** Opening The data block **
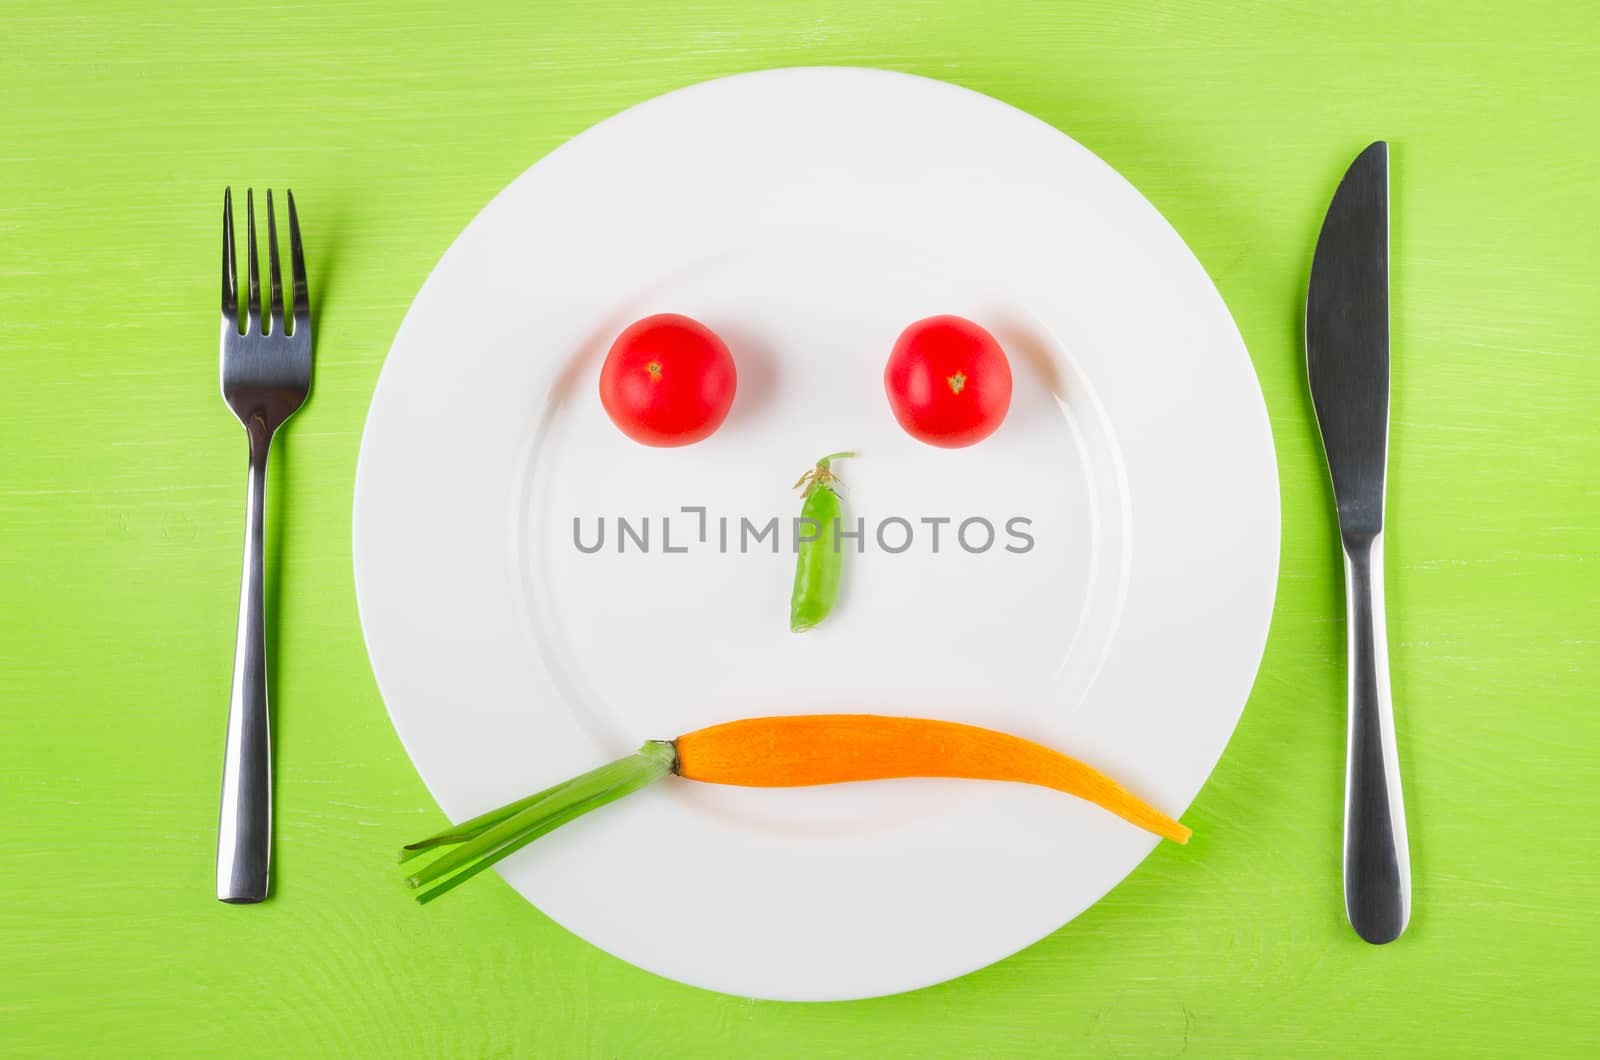 Sad face of vegetables, the concept of dietary restrictions, healthy lifestyle, diet,  weight loss, anti-obesity, healthy diet. Two tomatoes, peas in a pod and carrots on a plate, knife, fork
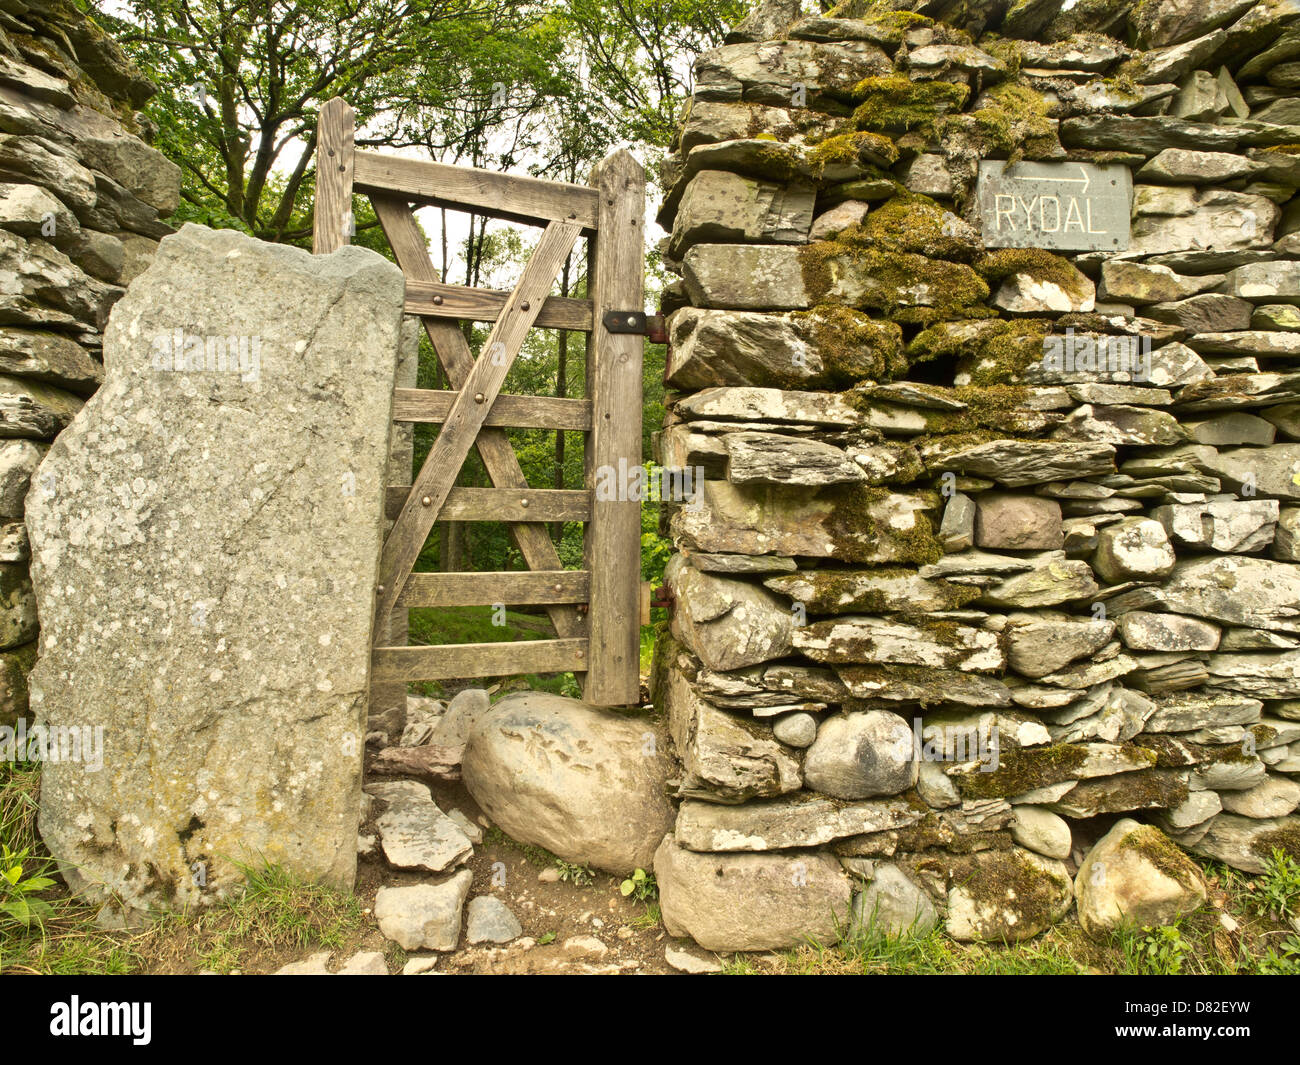 Hedge made as Dry stone wall with a gate at Ridal popular holiday distortion in Lake District, Cumbria, UK Stock Photo
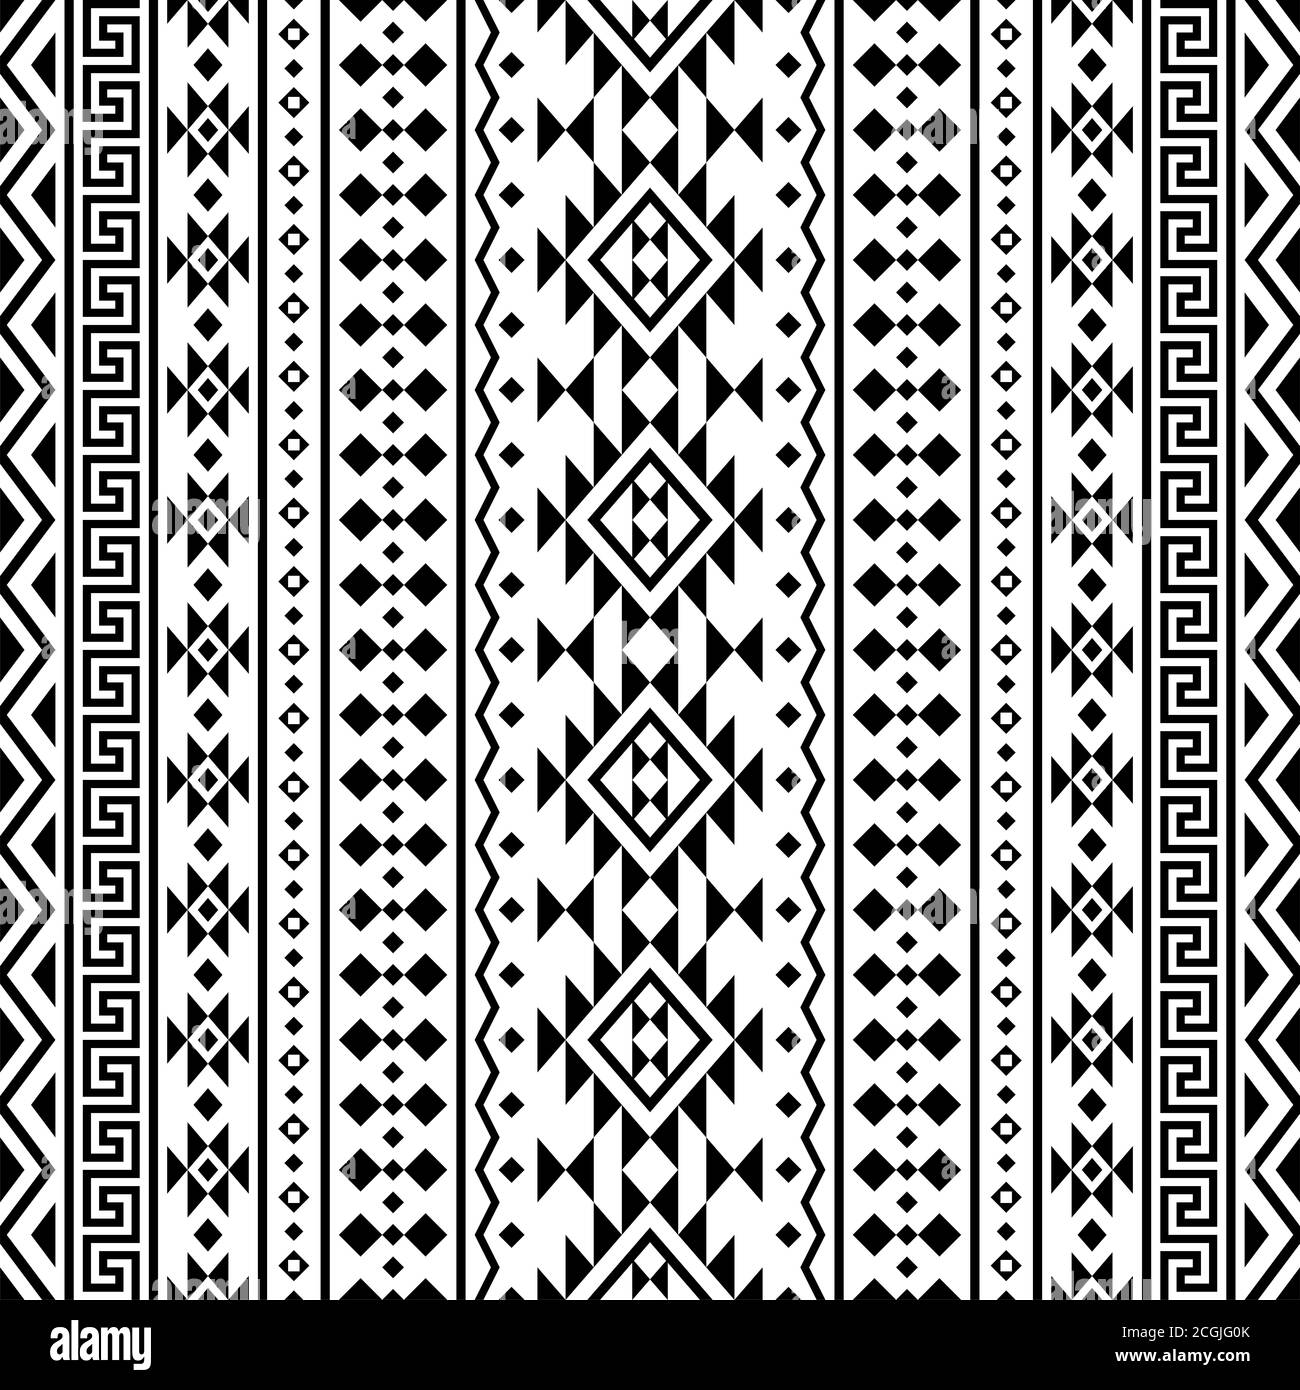 Aztec ethnic pattern texture design background in black white color ...
** Closing The data block **
▶ _Exercise prompt_
Repeat the listing word for word, but without its pictures.

▶ _Solution to this problem_
 Sad face of vegetables, the concept of dietary restrictions, healthy lifestyle, diet,  weight loss, anti-obesity, healthy diet. Two tomatoes, peas in a pod and carrots on a plate, knife, fork
 Hedge made as Dry stone wall with a gate at Ridal popular holiday distortion in Lake District, Cumbria, UK Stock Photo
 Aztec ethnic pattern texture design background in black white color ...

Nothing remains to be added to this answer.